That's why the breathless Indiana Jones and the Dial of Destiny is both well worth the watch and an ultimately fruitless exercise. It's a much better send-off for the character than the 2008 misfire Indiana Jones and the Kingdom of the Crystal Skull. Director James Mangold—the first filmmaker outside of Spielberg to helm an Indy installment—knows a thing or two about sunsetting a beloved character. His Logan (2017) is considered the definitive goodbye for Hugh Jackman's Wolverine after years of poorly-received X-Men movies.
In Dial of Destiny, Ford's age (he'll be 81 this summer) provides a compelling new footing for the dogged Indy, whose decades-long character arc culminates in a fairly satisfying way. Plus, the nostalgia nods really aren't ham-fisted, and the final act is surprisingly bold. But, much as Disney might try, there's no one to take up Ford's mantle — not even his new co-star, the Golden Globe-winning Phoebe Waller-Bridge (Fleabag).
The movie opens with a digitally de-aged Indy battling (you guessed it) Nazis in 1945, in the moments after the Allied victory. There are limits to our current nostalgia boom and the de-aging tech that will no doubt perpetuate it, but the action feels true to the original trilogy. Indy slips out of a Nazi stronghold with all the customary wisecracks and visual gags that make the heart just a little lighter. It's not Sean Connery accidentally lighting a German castle on fire in 1989's Indiana Jones and the Last Crusade, but it'll do. Toby Jones is a sort of Marcus Brody stand-in as Indy's bumbling academic sidekick Basil Shaw.

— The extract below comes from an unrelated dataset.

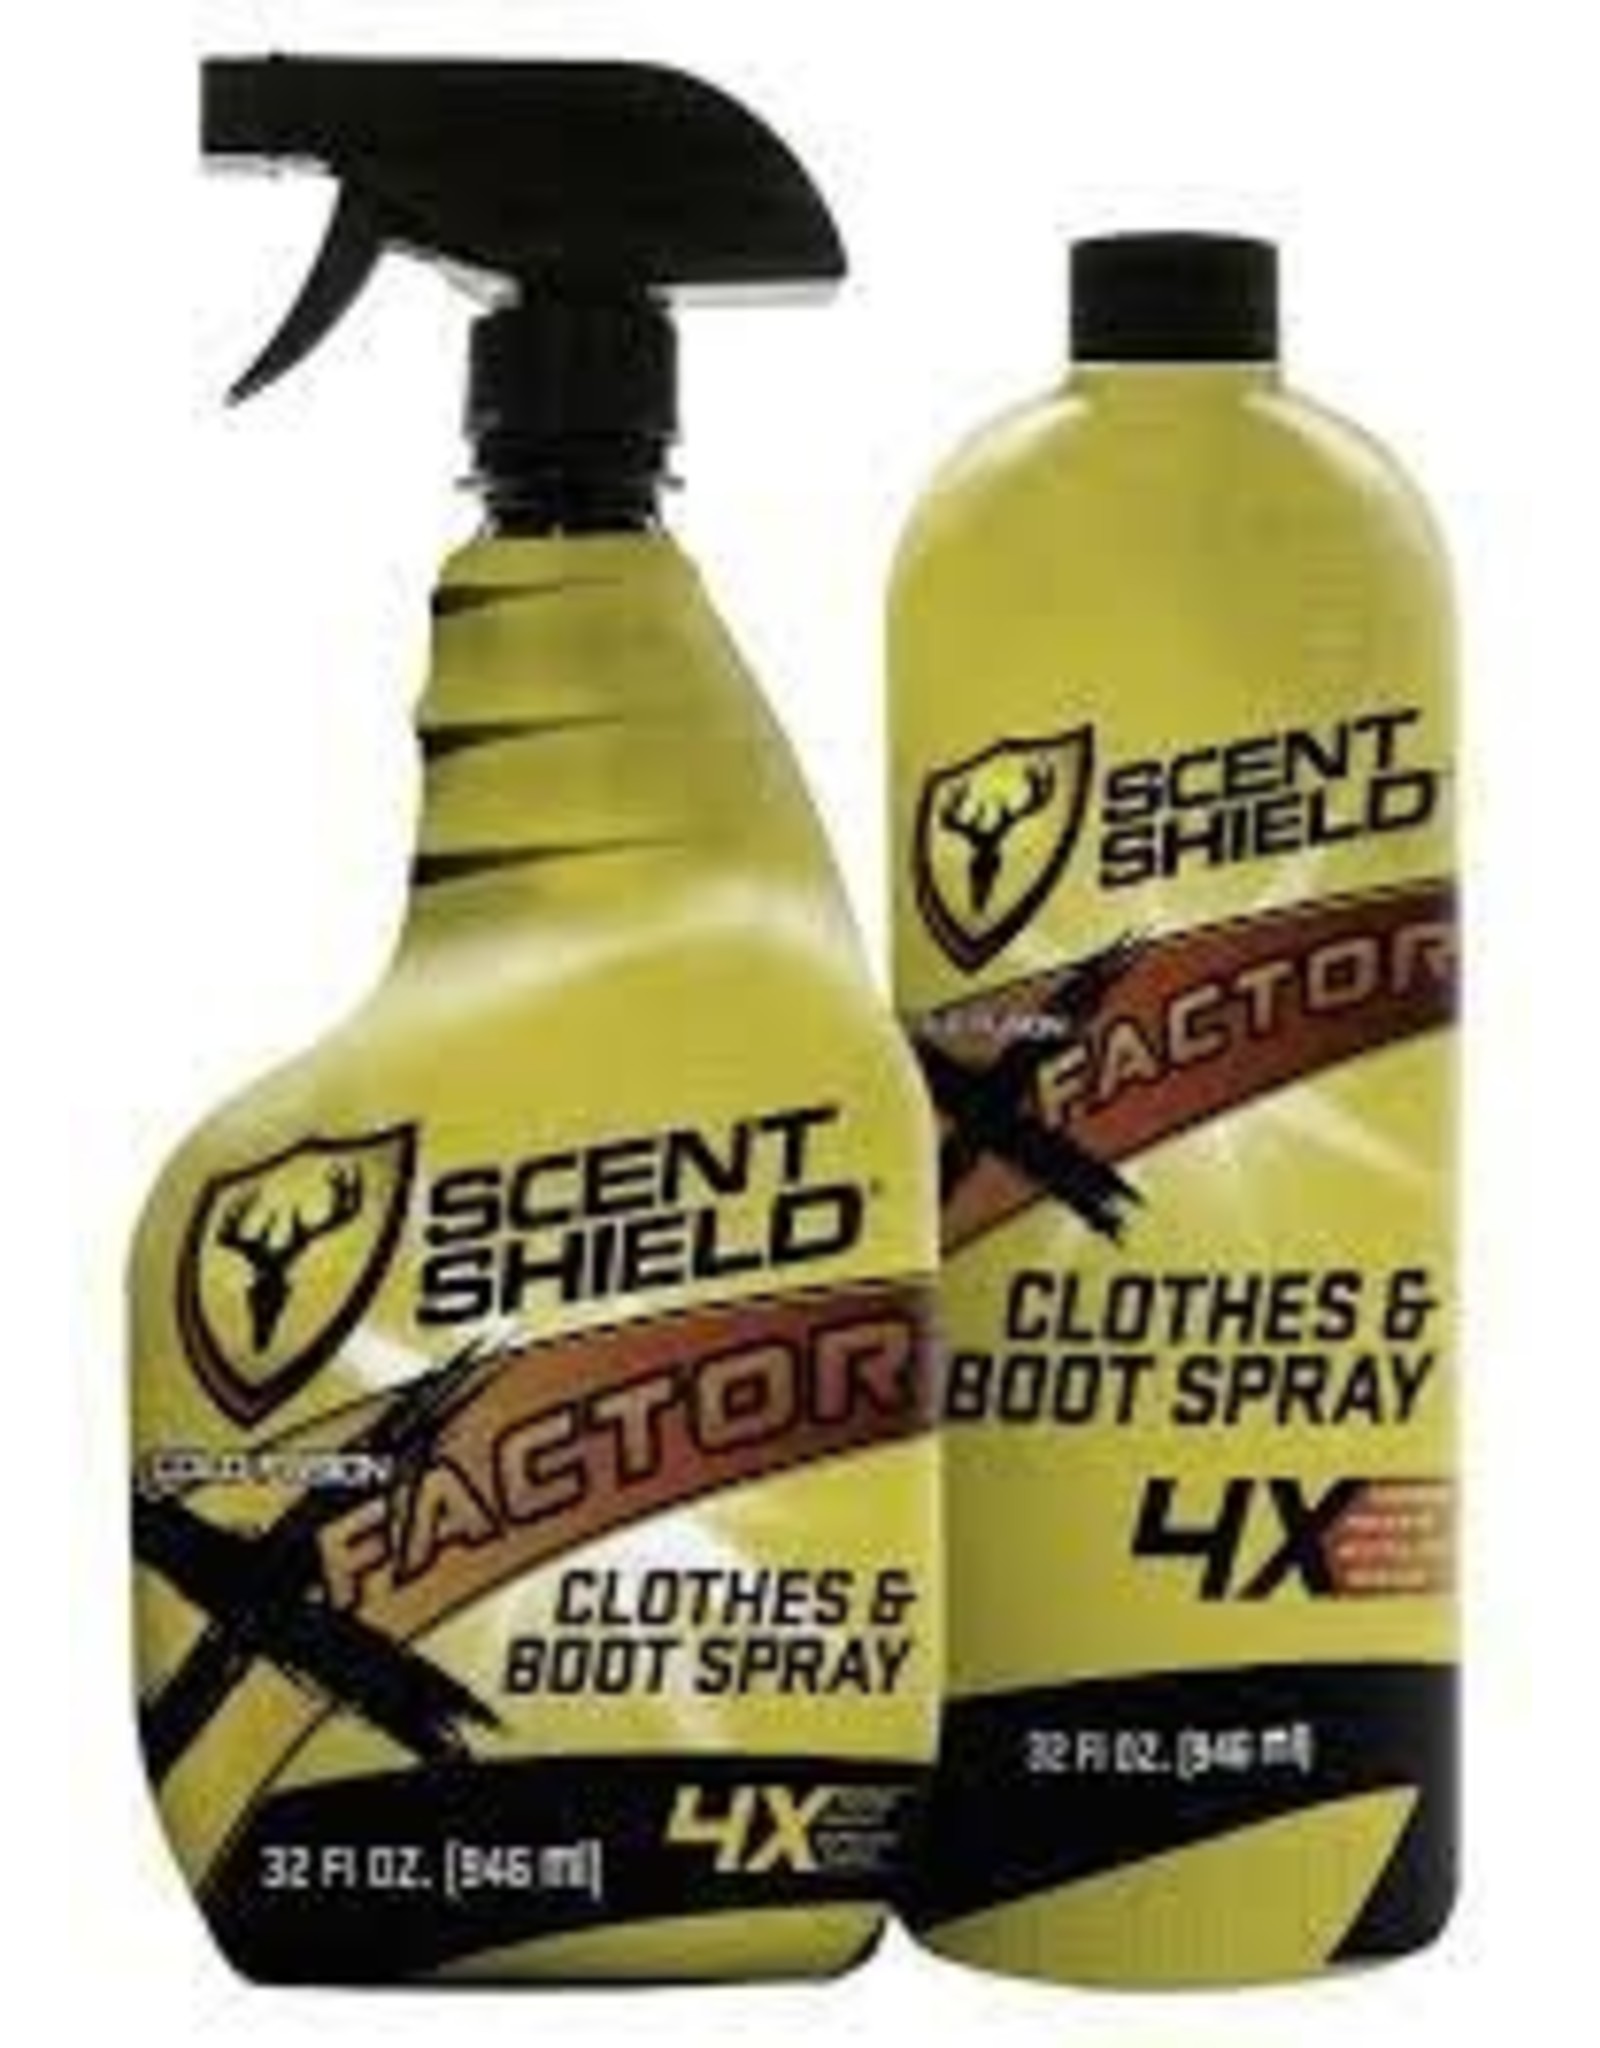 Scent Shield - Cold Fusion X-Factor 64oz Combo Pack 64oz

We cut to 1969, where we find our erstwhile hero slumped in front of the TV with no shirt on as the clock ticks away beside him. It's on-the-nose, yes, but also strangely arresting to see an aged action star as closely as we see Ford in this moment — even if he does look amazing. The film's more clever construction, however, is Indy's place in history. The moon landing is being celebrated in his new home of New York City just as he teaches his last-ever class as an archeology professor. The times call for progress by looking toward space, beyond human history. No use digging up artifacts here on earth.

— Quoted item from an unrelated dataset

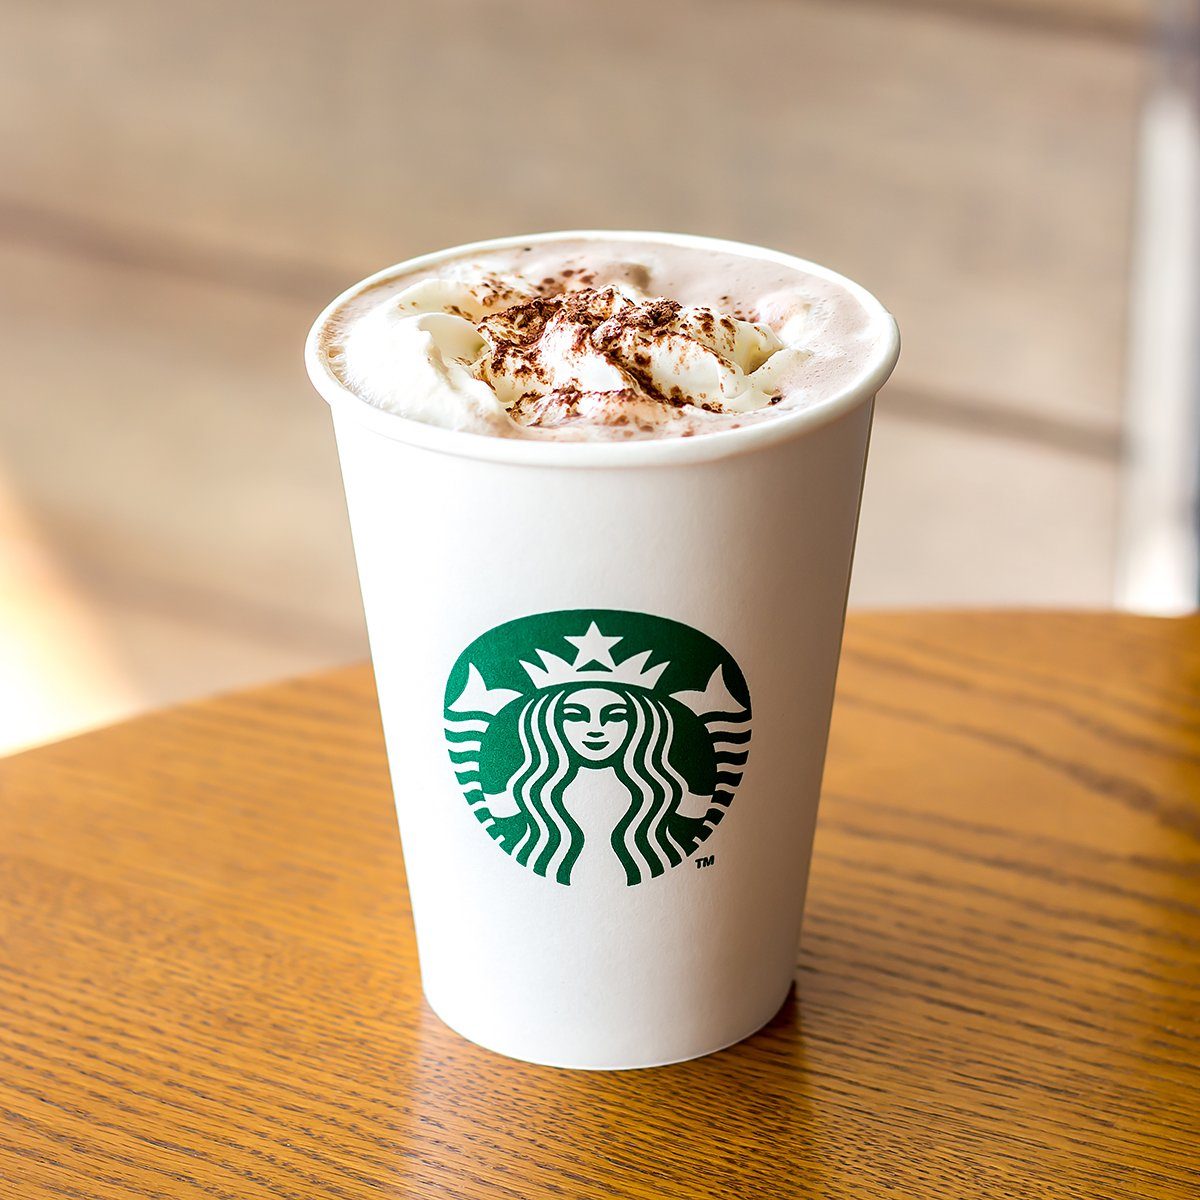 Starbucks Hot chocolate and whipping cream in white paper cup on wooden table

That's when Indy's goddaughter, the brilliant but decidedly mercenary Helena Shaw (Waller-Bridge) shows up looking for a dial built by the ancient Greek mathematician Archimedes. Her father became obsessed with the mechanism after he and Indy stole it from Nazi physicist Jürgen Voller (the excellent Mads Mikkelson) back in '45, sparking the age-old question first posed in Raiders of the Lost Ark: Is the thing actually magical?
What follows is an exhausting, globe-trotting game of cat-and-mouse. Mikkelson's Dr. Voller wants to use the device to re-light the flame of Nazism. He and his henchmen (Boyd Holbrook, future Justified: City Primeval villain, among them) track Indy, Helena and her pickpocket young friend Teddy (newcomer Ethann Isidore) through Tangier, Greece and Sicily. It's a drawn-out chase with a few fun twists and turns, but video game-ey visuals feel weightless compared to the delightfully campy practical effects of Spielberg's original trilogy.

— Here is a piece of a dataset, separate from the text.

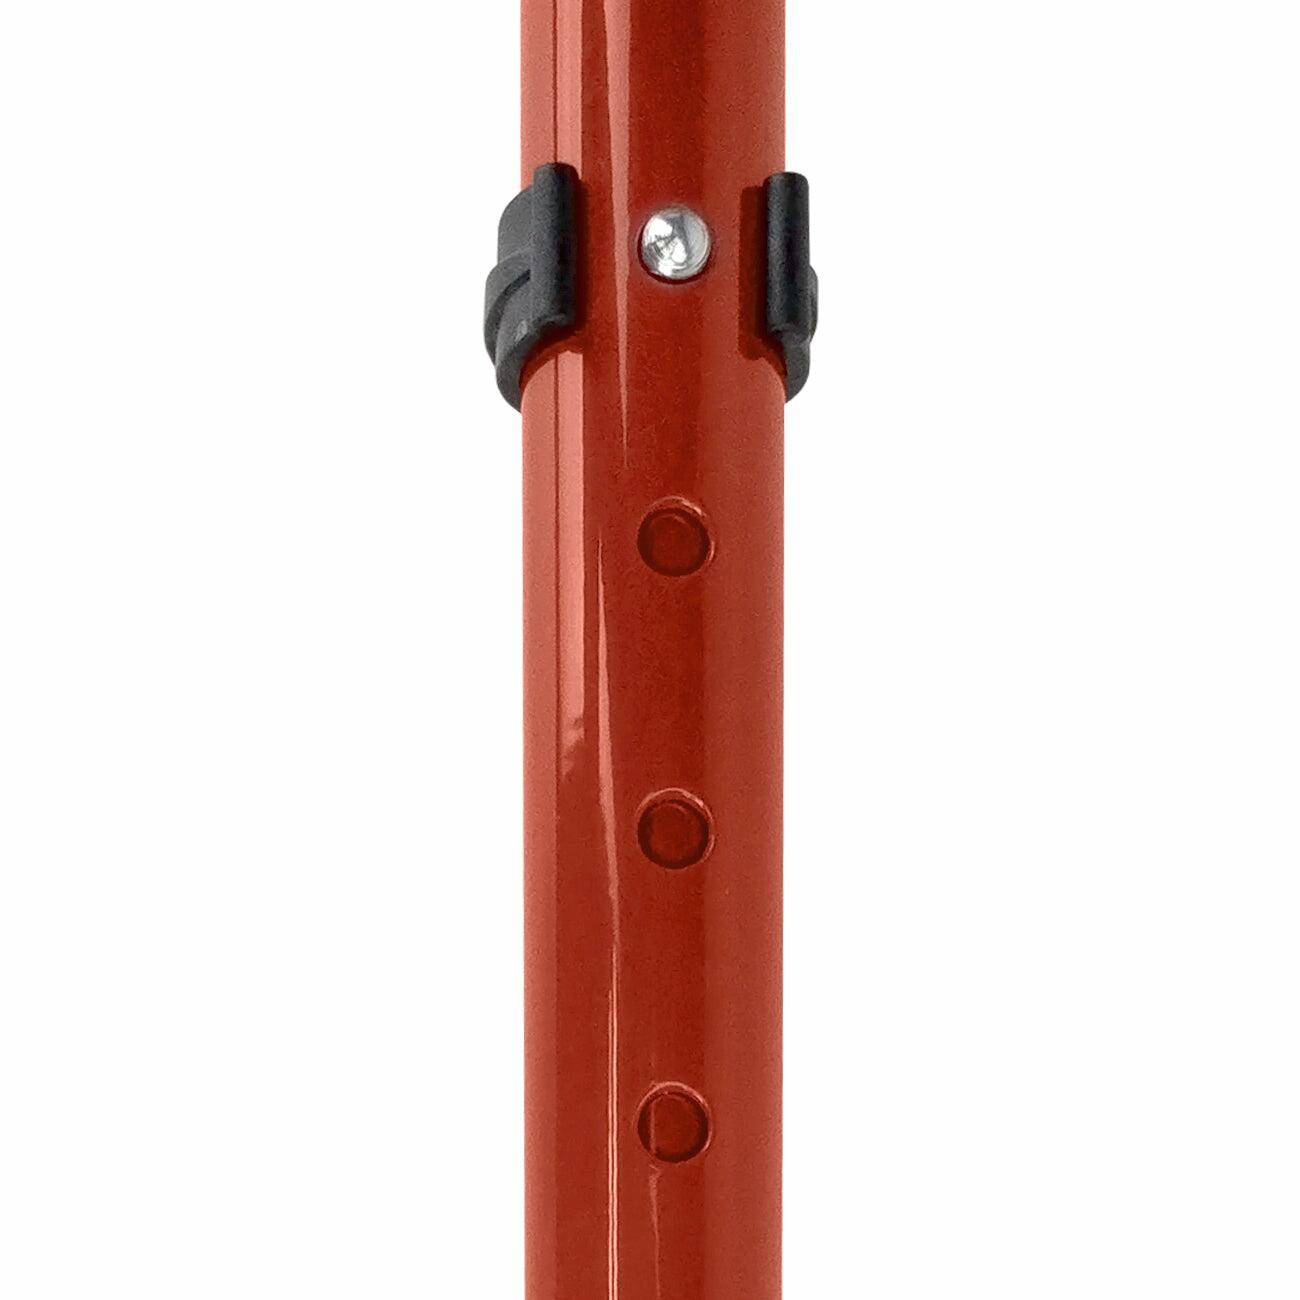 How to adjust a red Flexyfoot Comfort Grip Double Adjustable Crutch

Thankfully, though, the third act of Indiana Jones and the Dial of Destiny is something special. In classic Indy style, Ford and Mikkelson measure their wits against one another. Dr. Henry Jones, Jr. is, first and foremost, a colossal nerd. And a well-written script puts a satisfying cap on Harrison Ford's storied run as the whip-wielding archeologist — that is, if it's really the end. You never do know in the IP era.
One thing, however, is certain: There's no more juice to be had from the Indiana Jones orange without its leading man. Moreso than Spielberg's touch, Harrison Ford's brusque panache jumpstarts the whimsy of the franchise each go-around. The fedora, the leather jacket and the whip — symbols of the last great movie star.
Indiana Jones and the Dial of Destiny is now playing in theaters everywhere.